▶ _TASK_
Among the entries that follow, some lines contain the word "Adjustable". Show all of them.

▶ _INPUT FOR THIS TASK_
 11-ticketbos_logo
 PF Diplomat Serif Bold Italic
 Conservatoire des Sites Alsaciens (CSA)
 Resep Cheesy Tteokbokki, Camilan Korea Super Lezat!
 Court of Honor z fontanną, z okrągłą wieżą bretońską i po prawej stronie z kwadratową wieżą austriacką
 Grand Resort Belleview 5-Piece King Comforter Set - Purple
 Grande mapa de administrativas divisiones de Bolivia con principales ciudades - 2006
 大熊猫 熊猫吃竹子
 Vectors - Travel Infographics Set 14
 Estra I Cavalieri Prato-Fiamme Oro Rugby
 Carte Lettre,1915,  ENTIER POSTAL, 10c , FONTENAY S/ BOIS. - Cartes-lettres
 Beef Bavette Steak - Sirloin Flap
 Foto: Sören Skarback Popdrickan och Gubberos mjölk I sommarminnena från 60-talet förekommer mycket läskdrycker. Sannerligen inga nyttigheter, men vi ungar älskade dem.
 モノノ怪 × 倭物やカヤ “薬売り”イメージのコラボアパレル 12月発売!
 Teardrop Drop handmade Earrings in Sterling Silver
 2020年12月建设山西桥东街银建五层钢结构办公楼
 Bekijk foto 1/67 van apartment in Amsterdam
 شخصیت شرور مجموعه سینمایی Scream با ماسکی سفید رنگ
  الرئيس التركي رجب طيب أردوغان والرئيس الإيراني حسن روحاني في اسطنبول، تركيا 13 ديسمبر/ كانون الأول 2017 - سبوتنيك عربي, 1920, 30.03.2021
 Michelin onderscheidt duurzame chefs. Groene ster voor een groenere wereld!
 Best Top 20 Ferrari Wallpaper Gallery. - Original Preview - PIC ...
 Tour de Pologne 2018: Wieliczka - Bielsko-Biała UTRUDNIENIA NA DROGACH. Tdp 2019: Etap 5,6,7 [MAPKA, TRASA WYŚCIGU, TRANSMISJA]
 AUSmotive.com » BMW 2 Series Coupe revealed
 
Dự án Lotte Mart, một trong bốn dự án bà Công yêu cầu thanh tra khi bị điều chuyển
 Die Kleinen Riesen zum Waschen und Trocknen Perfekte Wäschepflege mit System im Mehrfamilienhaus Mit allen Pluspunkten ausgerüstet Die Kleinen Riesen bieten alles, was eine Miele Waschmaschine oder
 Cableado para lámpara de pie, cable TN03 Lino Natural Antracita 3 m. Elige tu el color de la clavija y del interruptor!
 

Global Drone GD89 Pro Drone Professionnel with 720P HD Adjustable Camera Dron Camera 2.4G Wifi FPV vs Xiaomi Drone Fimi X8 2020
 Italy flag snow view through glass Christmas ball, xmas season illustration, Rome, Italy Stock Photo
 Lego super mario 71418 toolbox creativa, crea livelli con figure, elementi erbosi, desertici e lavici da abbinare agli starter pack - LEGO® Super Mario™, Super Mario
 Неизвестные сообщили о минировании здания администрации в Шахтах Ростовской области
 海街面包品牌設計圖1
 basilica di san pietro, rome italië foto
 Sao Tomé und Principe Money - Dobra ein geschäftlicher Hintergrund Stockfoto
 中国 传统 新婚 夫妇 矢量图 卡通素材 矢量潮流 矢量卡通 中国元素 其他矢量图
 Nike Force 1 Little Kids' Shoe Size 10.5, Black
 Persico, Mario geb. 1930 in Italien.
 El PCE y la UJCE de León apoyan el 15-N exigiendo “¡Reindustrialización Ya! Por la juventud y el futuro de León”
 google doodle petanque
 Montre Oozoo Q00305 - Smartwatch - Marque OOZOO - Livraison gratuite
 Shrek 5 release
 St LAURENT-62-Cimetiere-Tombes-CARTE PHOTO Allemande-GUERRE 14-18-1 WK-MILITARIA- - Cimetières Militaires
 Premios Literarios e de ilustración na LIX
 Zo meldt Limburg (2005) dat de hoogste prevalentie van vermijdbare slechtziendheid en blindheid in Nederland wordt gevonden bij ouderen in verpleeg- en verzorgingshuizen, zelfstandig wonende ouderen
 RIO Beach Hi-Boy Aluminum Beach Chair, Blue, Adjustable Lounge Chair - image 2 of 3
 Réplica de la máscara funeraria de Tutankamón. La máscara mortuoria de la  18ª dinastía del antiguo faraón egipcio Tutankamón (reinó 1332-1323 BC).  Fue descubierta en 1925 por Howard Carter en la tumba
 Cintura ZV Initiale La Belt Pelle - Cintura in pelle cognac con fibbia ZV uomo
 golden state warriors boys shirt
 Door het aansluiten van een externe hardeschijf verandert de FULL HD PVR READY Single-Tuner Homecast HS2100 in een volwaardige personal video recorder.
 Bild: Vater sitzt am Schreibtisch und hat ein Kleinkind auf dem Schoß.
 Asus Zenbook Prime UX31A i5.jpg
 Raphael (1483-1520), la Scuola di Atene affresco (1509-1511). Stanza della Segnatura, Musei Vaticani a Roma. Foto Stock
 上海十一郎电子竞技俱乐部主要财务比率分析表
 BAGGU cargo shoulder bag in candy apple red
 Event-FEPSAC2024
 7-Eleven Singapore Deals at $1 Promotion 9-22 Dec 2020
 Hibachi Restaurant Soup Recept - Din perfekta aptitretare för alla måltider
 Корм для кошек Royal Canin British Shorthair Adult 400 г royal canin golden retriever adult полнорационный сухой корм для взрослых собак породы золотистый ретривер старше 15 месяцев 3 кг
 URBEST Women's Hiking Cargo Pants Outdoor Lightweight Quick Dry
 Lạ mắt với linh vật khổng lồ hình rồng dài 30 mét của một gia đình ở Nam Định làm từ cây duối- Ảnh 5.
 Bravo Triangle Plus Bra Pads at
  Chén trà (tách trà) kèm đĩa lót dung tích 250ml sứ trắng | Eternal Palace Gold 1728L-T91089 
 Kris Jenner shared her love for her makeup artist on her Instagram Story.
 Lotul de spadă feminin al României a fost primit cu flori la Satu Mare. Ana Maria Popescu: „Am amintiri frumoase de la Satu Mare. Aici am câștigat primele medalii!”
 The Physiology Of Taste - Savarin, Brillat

▶ _WRITTEN ANSWER_
Global Drone GD89 Pro Drone Professionnel with 720P HD Adjustable Camera Dron Camera 2.4G Wifi FPV vs Xiaomi Drone Fimi X8 2020
 RIO Beach Hi-Boy Aluminum Beach Chair, Blue, Adjustable Lounge Chair - image 2 of 3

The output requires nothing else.